Task brief:
Restate the data below word for word. Leave the images out.

Given data START

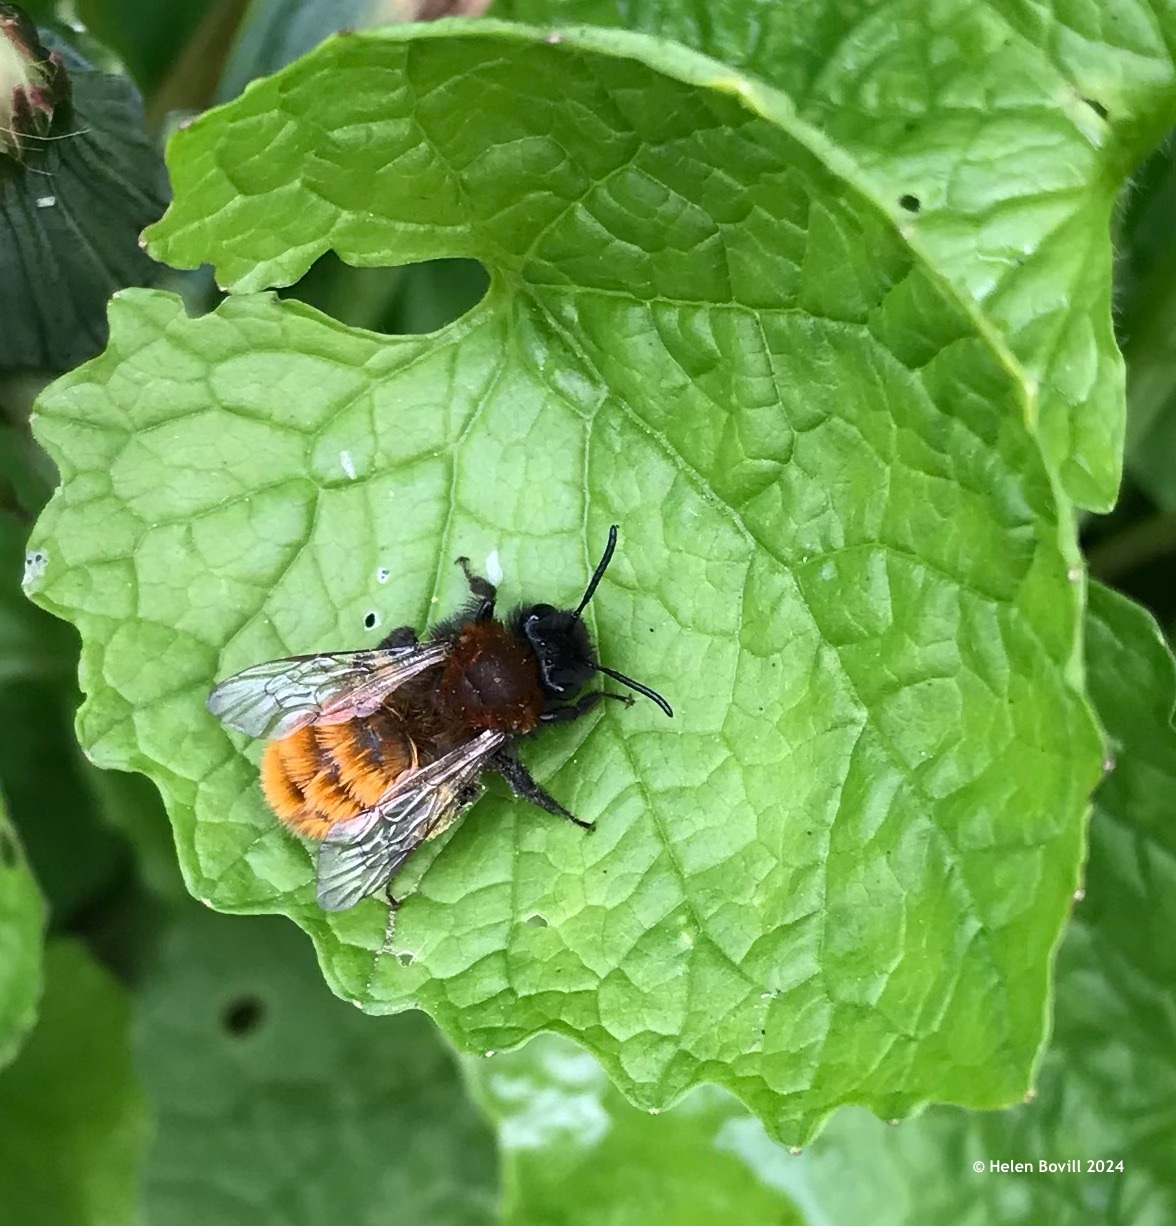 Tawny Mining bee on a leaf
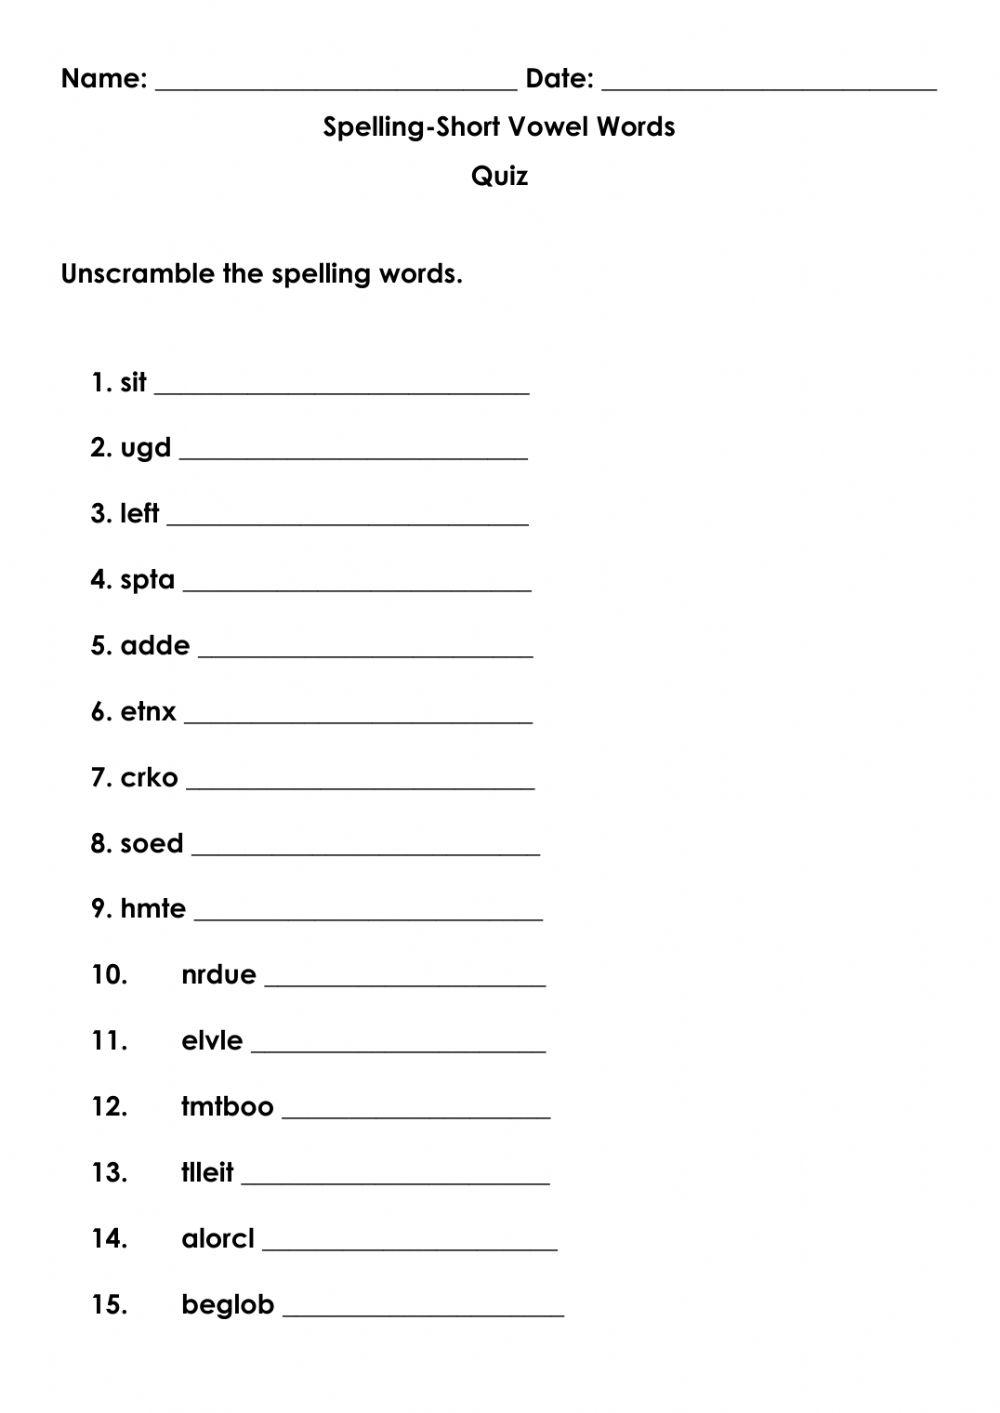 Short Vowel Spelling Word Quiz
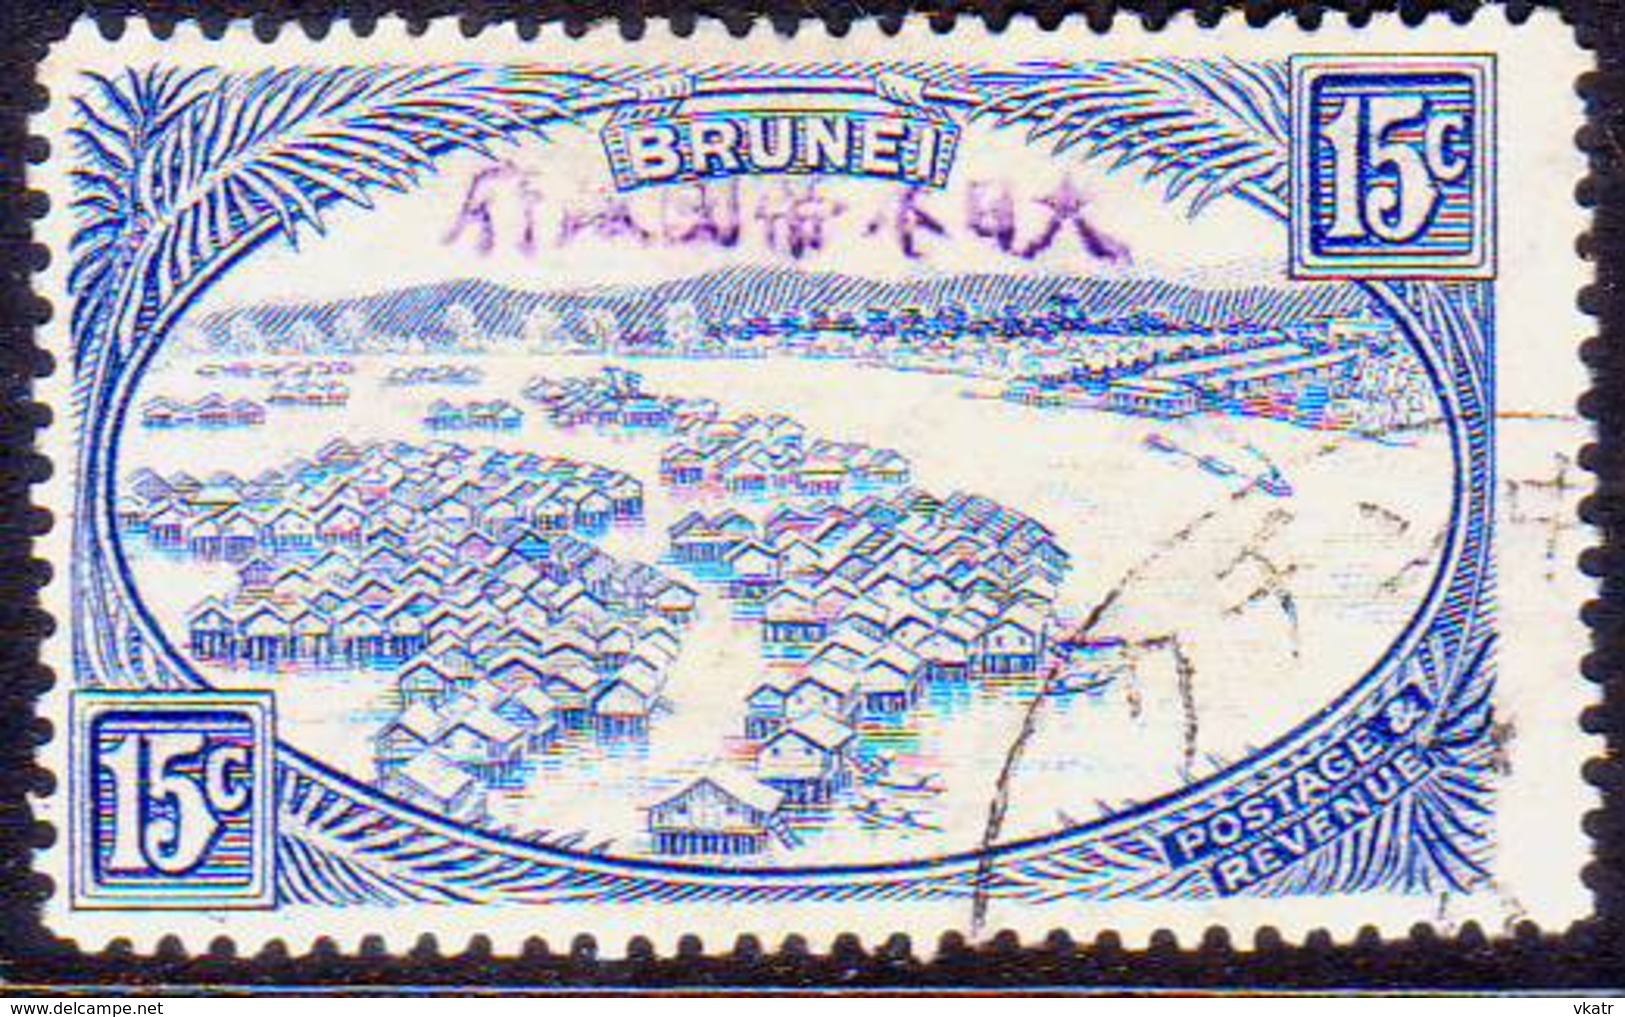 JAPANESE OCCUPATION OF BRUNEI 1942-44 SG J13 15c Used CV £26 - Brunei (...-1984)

Given data END

Task result:
 Tawny Mining bee on a leaf
 Short Vowel Spelling Word Quiz
 JAPANESE OCCUPATION OF BRUNEI 1942-44 SG J13 15c Used CV £26 - Brunei (...-1984)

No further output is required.